Thursday, July 21, 2011

Mothering Philosophy

I was reading about a homeschooling writing curriculum and encountered the writer's mission statement about parenting. It occurs to me that I write, revise, consider, and reflect on my "Teaching Philosophy" at least annually. But, I have never put together a statement of my goals, objectives, methodology, and philosophy of parenting. It that important? I find revisiting my teaching philosophy helps me re-focus my efforts and teach in accordance with my stated goals.

Maybe I should, from time-to-time, revisit my parenting philosophy to re-center myself as a parent?

Here is my first second run... it will change... again .

My primary goal in parenting is to produce contributing members of society. To meet this goal, the children need to have a strong work ethic, be honest, be compassionate to others and their environment, demonstrate good decision-making and critical thinking skills, have rich intellectual lives, develop positive social skills, and maintain healthy lifestyles.

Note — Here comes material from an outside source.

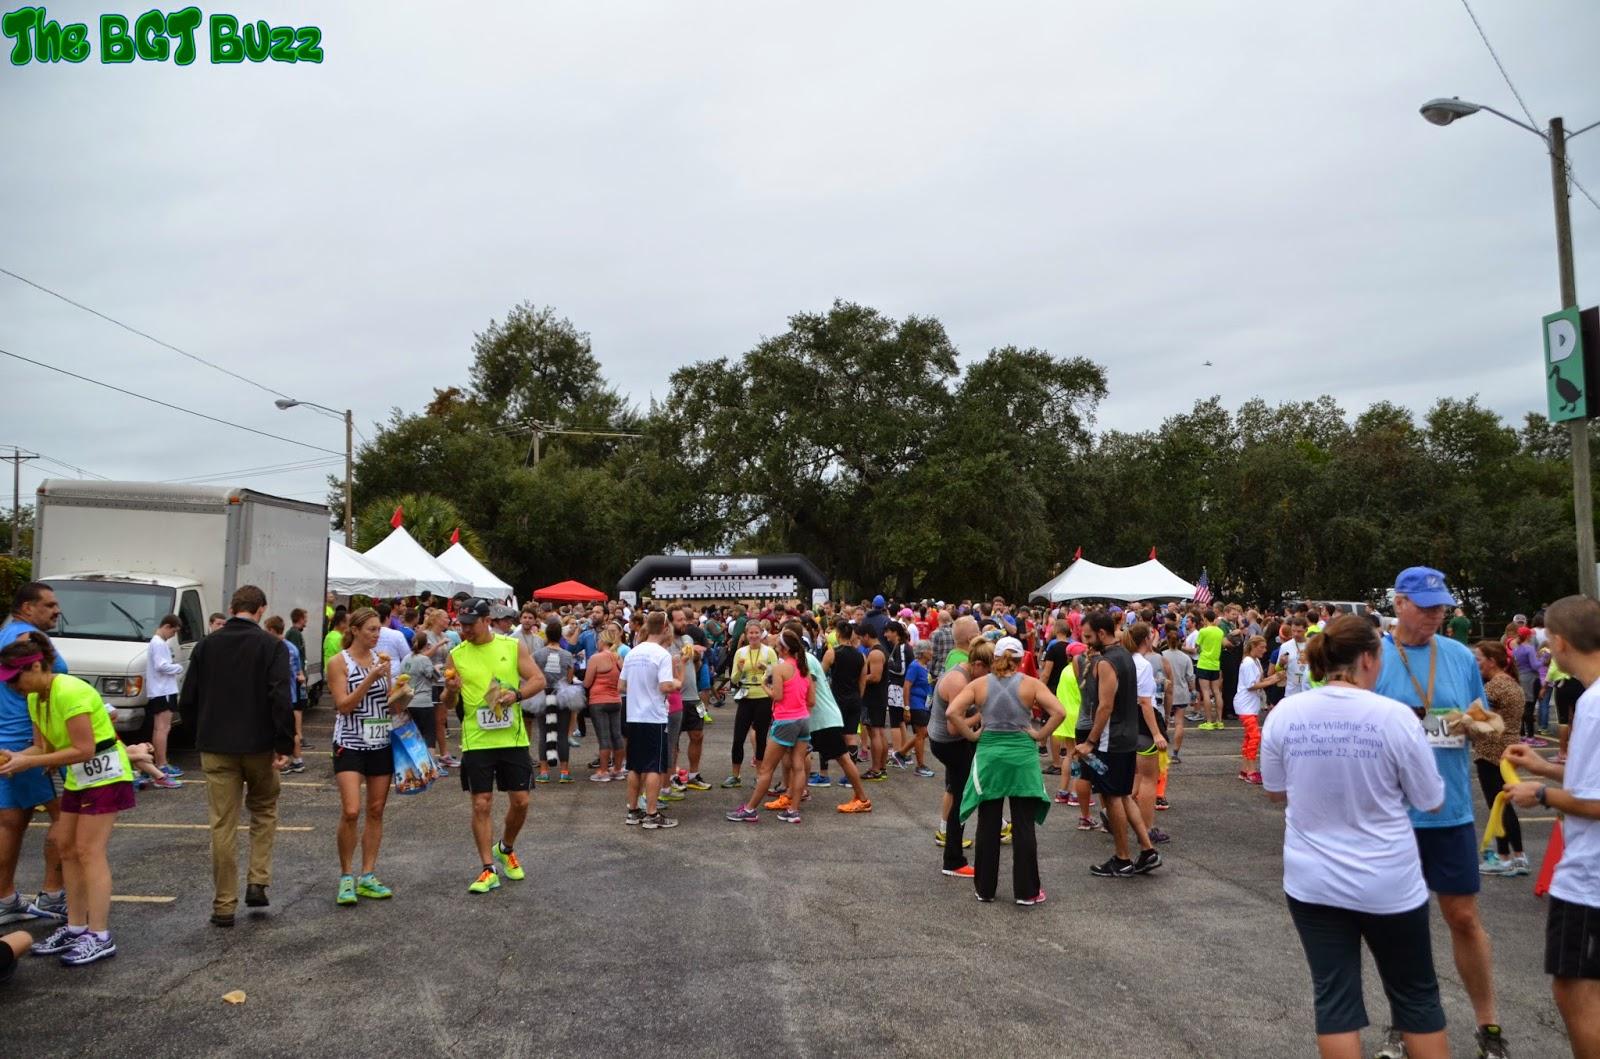 The Bgt Buzz Run For Wildife 5k 2014 At Busch Gardens Tampa

We meet these goals by both modeling good behavior and by giving them opportunities to develop the habits and skills to make wise choices and develop broad interests.  We are loving parents and try to show our love both outwardly and in our words and actions.  We provide a nurturing environment, but not at the cost of expecting the children to behave in a caring and compassionate manner toward others and toward their environment.  Respecting other people and the natural environment comes with experiencing both and learning to reflect on others' perceptions of the world around them.  Exposure to different habitats, organisms, environments, and cultures and reflections on these is part of our conscious experience.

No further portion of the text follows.